- _Task prompt_: From the records below, transcribe exactly the lines that begin at the line with "平涼農村商業銀行股份有限公司24小時自助銀行" and end at the line with "Dirigeant d'entreprise qui", both included.

- _Extracted data_:

Segment Open

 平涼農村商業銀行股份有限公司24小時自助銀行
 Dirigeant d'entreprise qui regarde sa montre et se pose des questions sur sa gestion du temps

Segment Closed
Segment Open

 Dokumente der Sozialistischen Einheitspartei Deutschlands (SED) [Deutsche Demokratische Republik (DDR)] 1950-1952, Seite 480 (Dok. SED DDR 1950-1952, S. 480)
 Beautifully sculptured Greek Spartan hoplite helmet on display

Segment Closed

- _Reply_:
 平涼農村商業銀行股份有限公司24小時自助銀行
 Dirigeant d'entreprise qui regarde sa montre et se pose des questions sur sa gestion du temps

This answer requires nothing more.